The group of programmers, Daniel Grippi, Maxwell Salzberg, Ilya Zhitomirskiy and Raphael Sofaer, hold a firm belief that privacy and sharing information should not be exclusive. Unfortunately the opposite seems to exist in current online networking models and many users are becoming disenchanted.
Their brainchild, Diaspora, is a vision the students are hoping to create and develop "an open source personal web service that will put individuals in control of their data", or essentially the anti-Facebook" (Mashable.com).
Members of websites, such as Facebook, are held to continuously changing privacy policies with often no notification. Or if changes are announced, members are presented with lengthy explanations and instructions for opting out of changes that are just as complicated. To date multiple complaints are being registered with the Federal Trade Commission against Facebook.
Diaspora is intended to be developed as a way to give control back to users who still want to be involved with the benefits of online social networking. The project is described as " build is a network that allows everyone to install their own “seed” — i.e. a personal web server with a user’s photos, videos and everything else — within the larger network. That seed would be fully owned and controlled by the user, so the user could share anything and still maintain ownership over it". (Mashable.com).
It is often said timing is everything. With so much controversy currently surrounding Facebook and streamed in the news, the four students have picked a ripe time to look to move forward with their project and gather support and financial backing.
The industrious students decided to put this idea into action and try and raise funding for their project. Their initial goal was to raise $10,000 by June 1 so they could strive towards bringing their idea to fruition. The group quickly reached and surpassed that goal in only 12 days.
As of May 13, 2010 the four hopefuls raised in excess of $116,000 with the aid of the online fundraising website, Kickstarter, gained about 3,000 supporters by this date. Numbers are still steadily growing.
Quite a nice sum and number of supporters to get their idea rolling. Apparently this is an idea that is grabbing a lot of attention.
It will be interesting to see if and how this project comes to fruition and takes off.
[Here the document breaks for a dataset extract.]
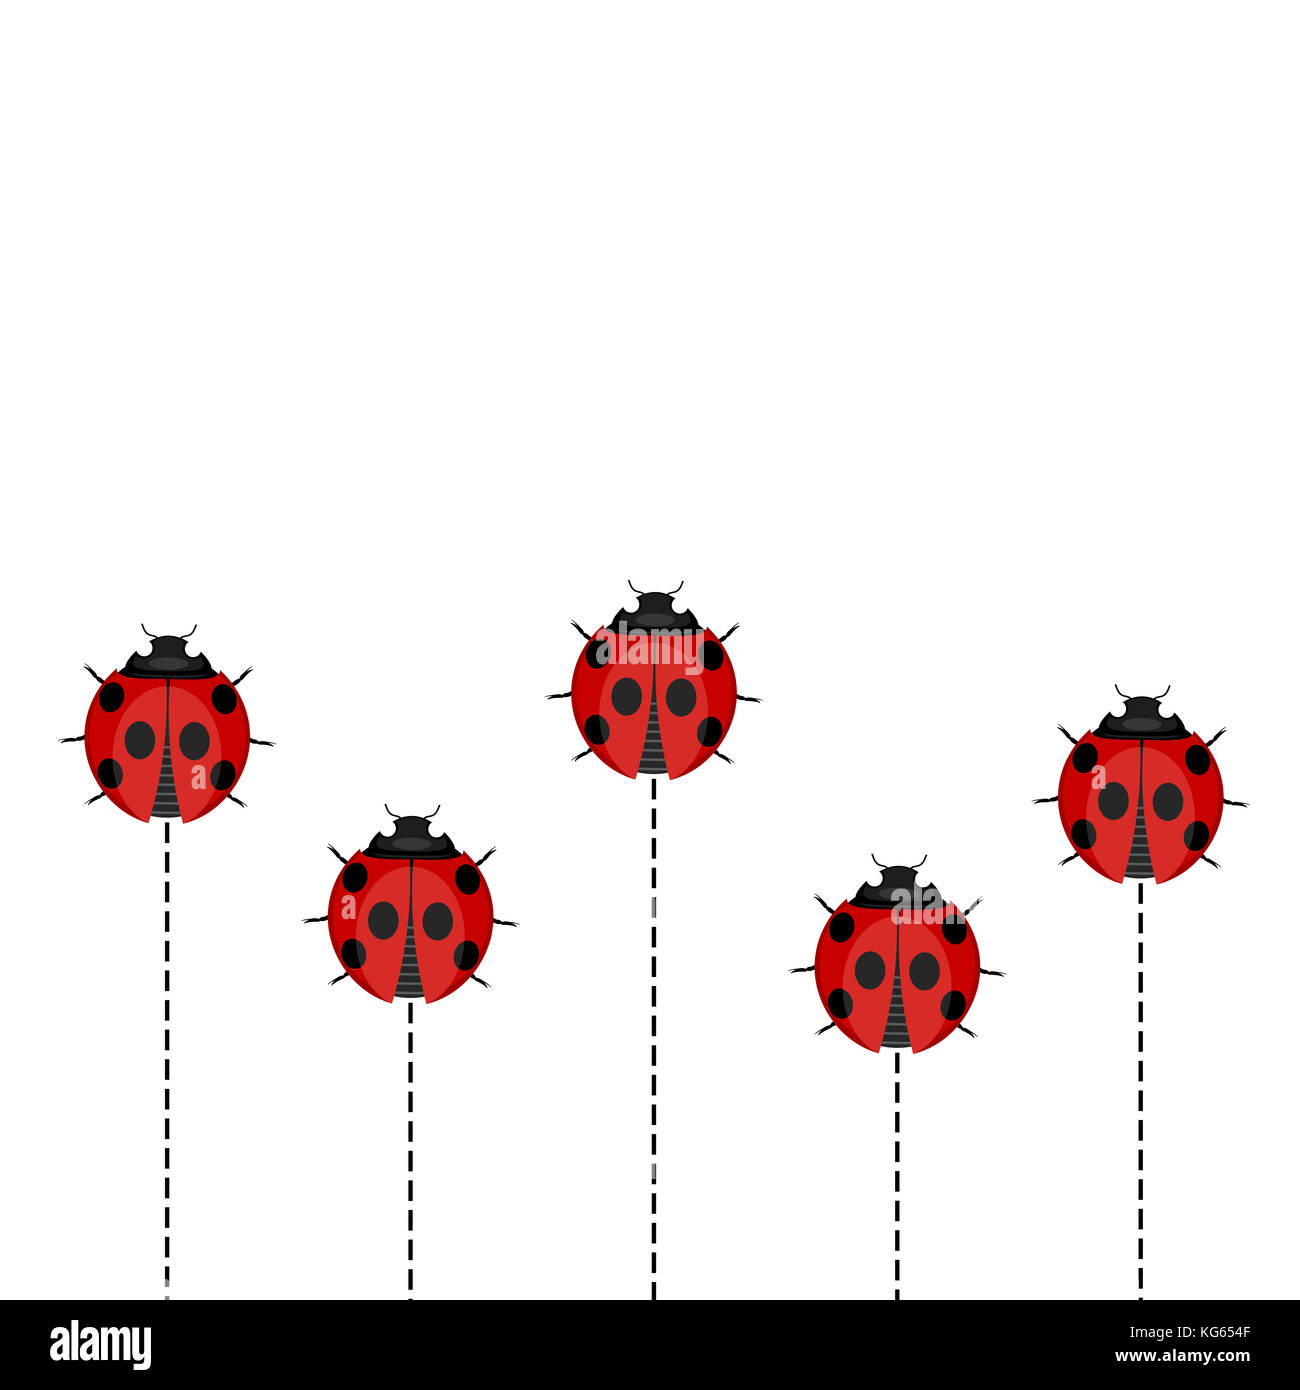 Ladybug Pattern on White Background Stock Photo
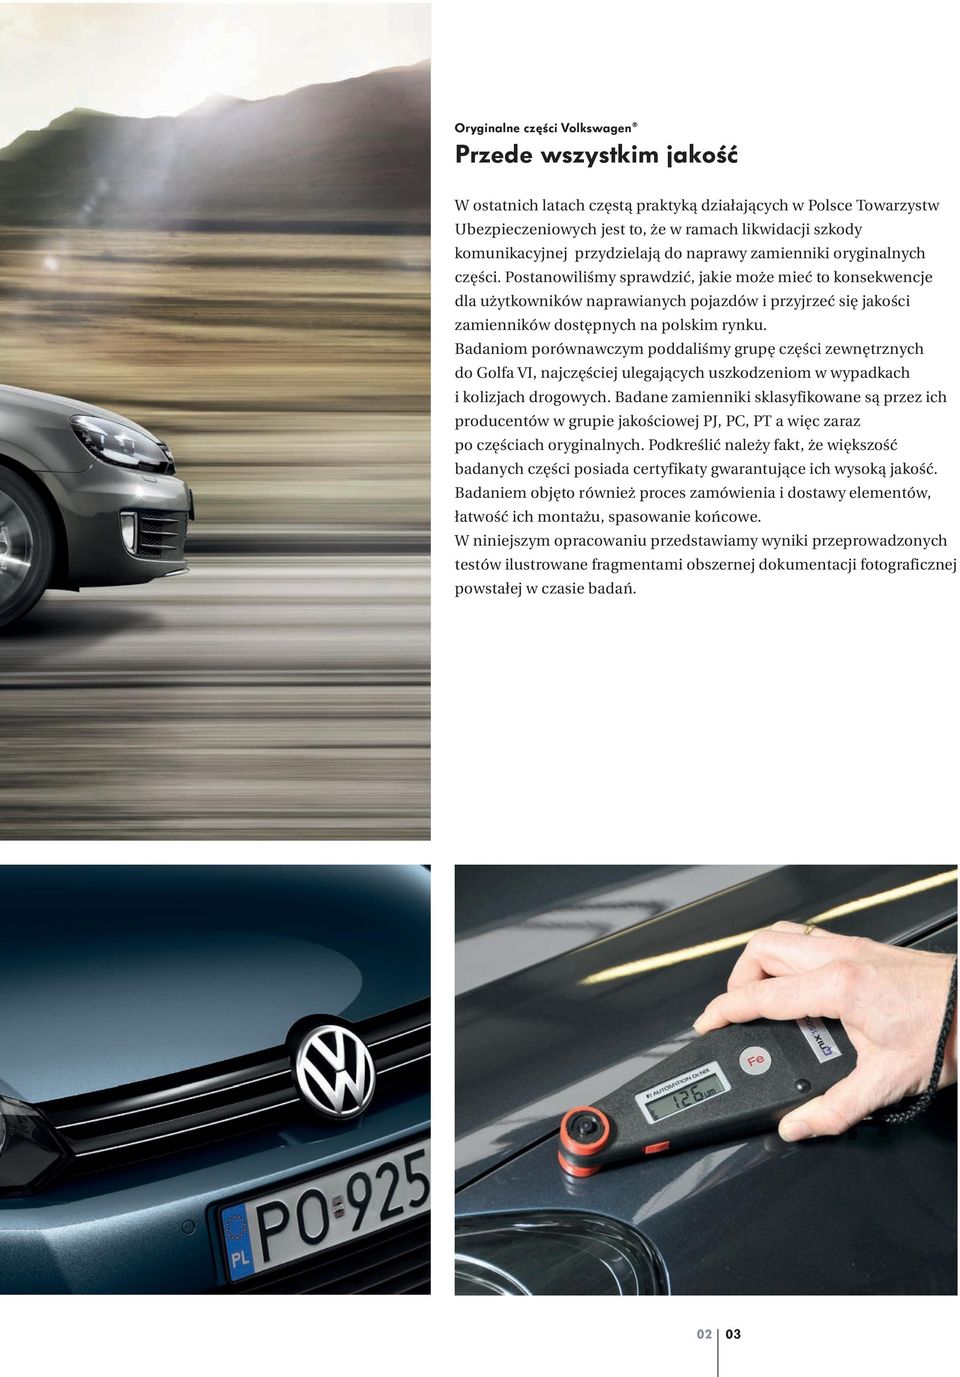 Postanowiliśmy sprawdzić, jakie może mieć to konsekwencje dla użytkowników naprawianych pojazdów i przyjrzeć się jakości zamienników dostępnych na polskim rynku.

Will people really leave Facebook which has multi-million members or will this project simply fade into oblivion?
Innovation is what drives popular networks on the web. Years ago who would have thought the old America Online bulletin boards would have fallen so low in popularity in favor of the Web 2.0? That MySpace would be replaced by Facebook as the number one social network?
When it comes to technology change is inevitable and pretty fast paced. Considering the web is a continuous evolution of products, if privacy concerns consider to rise, Diaspora might just soar in popularity.
Only time will tell.
To learn more about this product and follow progress, you can visit http://www.joindiaspora.com/.
Sources:
http://mashable.com/2010/05/13/diaspora/
http://techcrunch.com/2010/05/12/diaspora-open-faceb ook-project/
Learn more about this author, Leigh Goessl.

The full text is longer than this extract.